그리고 랜덤 초기화한 파라미터를 확인하면 아래와 같이 결괏값이 나오게 됩니다.

 

parameters = initialize_parameters_deep([5,4,3])

print("W1 = " + str(parameters["W1"]))
print("b1 = " + str(parameters["b1"]))
print("W2 = " + str(parameters["W2"]))
print("b2 = " + str(parameters["b2"]))

initialize_parameters_deep_test(initialize_parameters_deep)

 


CHAPTER 4. 'Forward Propagation Module'

 

□ 4.1. Linear Forward

 

CHAPTER 3을 통해 2개 층 신경망과 L개 층 신경망의 파라미터를 초기화했으며, 순방향 전파(Forward propagation)를 진행해보겠습니다. 이를 위해 아래 함수들을 작성해보겠습니다.

 

  • LINEAR
  • LINEAR -> ACTIVATION where ACTIVATION will be either ReLU or Sigmoid.
  • [LINEAR -> RELU] × (L-1) -> LINEAR -> SIGMOID (whole model)

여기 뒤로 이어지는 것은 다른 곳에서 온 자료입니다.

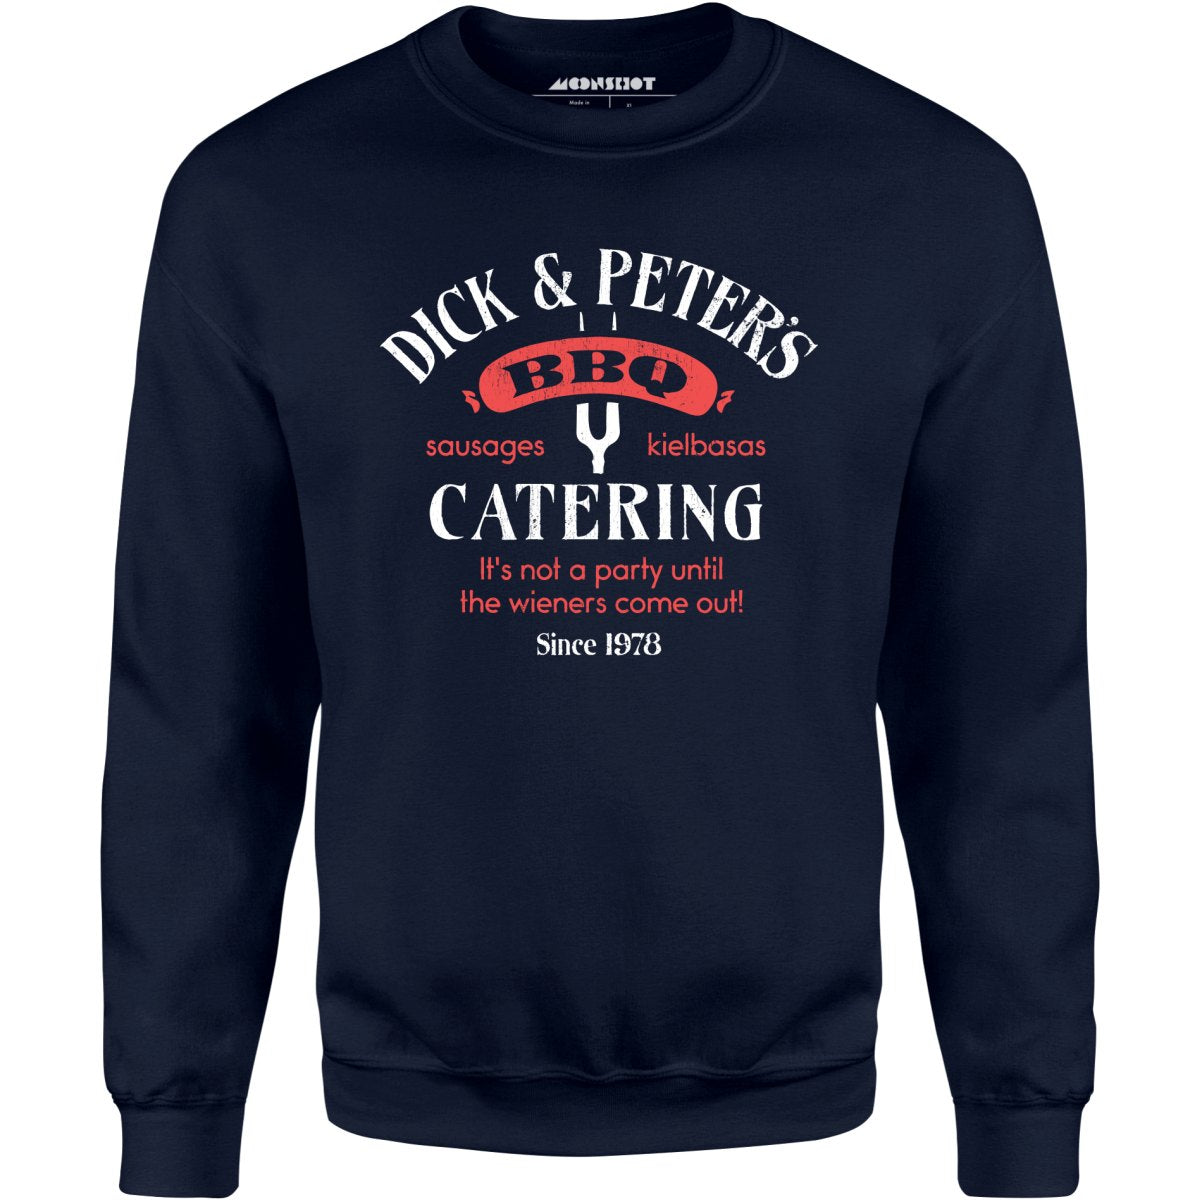 Dick & Peter's BBQ Catering - Unisex Sweatshirt

Linear Forward는 다음과 같이 구할 수 있습니다.

# GRADED FUNCTION: linear_forward

def linear_forward(A, W, b):
    """
    Implement the linear part of a layer's forward propagation.

    Arguments:
    A -- activations from previous layer (or input data): (size of previous layer, number of examples)
    W -- weights matrix: numpy array of shape (size of current layer, size of previous layer)
    b -- bias vector, numpy array of shape (size of the current layer, 1)

    Returns:
    Z -- the input of the activation function, also called pre-activation parameter 
    cache -- a python tuple containing "A", "W" and "b" ; stored for computing the backward pass efficiently
    """
    
    #(≈ 1 line of code)
    # Z = ...
    # YOUR CODE STARTS HERE
    Z = np.dot(W, A) + b
    # YOUR CODE ENDS HERE
    cache = (A, W, b)
    
    return Z, cache

 

그리고 Linear Forward 함수를 확인하면 아래와 같이 결괏값이 나오게 됩니다.

 

t_A, t_W, t_b = linear_forward_test_case()
t_Z, t_linear_cache = linear_forward(t_A, t_W, t_b)
print("Z = " + str(t_Z))

linear_forward_test(linear_forward)

 


□ 4.2. Linear-Activation Forward

 

activation 계산에 두 가지 종류의 함수 Sigmoid와 ReLU가 사용됩니다. 은닉층(hidden layer)에서는 ReLU로 계산하며, 마지막 출력층(ouput layer)에서는 sigmoid로 계산합니다. 출력 함수로 sigmoid를 사용하는 이유는 이진 분류(Binary classification)에서 연산에 용이하기 때문입니다.

 

# GRADED FUNCTION: linear_activation_forward

def linear_activation_forward(A_prev, W, b, activation):
    """
    Implement the forward propagation for the LINEAR->ACTIVATION layer

    Arguments:
    A_prev -- activations from previous layer (or input data): (size of previous layer, number of examples)
    W -- weights matrix: numpy array of shape (size of current layer, size of previous layer)
    b -- bias vector, numpy array of shape (size of the current layer, 1)
    activation -- the activation to be used in this layer, stored as a text string: "sigmoid" or "relu"

    Returns:
    A -- the output of the activation function, also called the post-activation value 
    cache -- a python tuple containing "linear_cache" and "activation_cache";
             stored for computing the backward pass efficiently
    """
    
    if activation == "sigmoid":
        #(≈ 2 lines of code)
        # Z, linear_cache = ...
        # A, activation_cache = ...
        # YOUR CODE STARTS HERE
        Z, linear_cache = linear_forward(A_prev, W, b)
        A, activation_cache = sigmoid(Z)
        
        # YOUR CODE ENDS HERE
    
    elif activation == "relu":
        #(≈ 2 lines of code)
        # Z, linear_cache = ...
        # A, activation_cache = ...
        # YOUR CODE STARTS HERE
        Z, linear_cache = linear_forward(A_prev, W, b)
        A, activation_cache = relu(Z)
        
        # YOUR CODE ENDS HERE
    cache = (linear_cache, activation_cache)

    return A, cache

 

그리고 linear_activation_forward 함수를 확인하면 아래와 같이 결괏값이 나오게 됩니다.

 

t_A_prev, t_W, t_b = linear_activation_forward_test_case()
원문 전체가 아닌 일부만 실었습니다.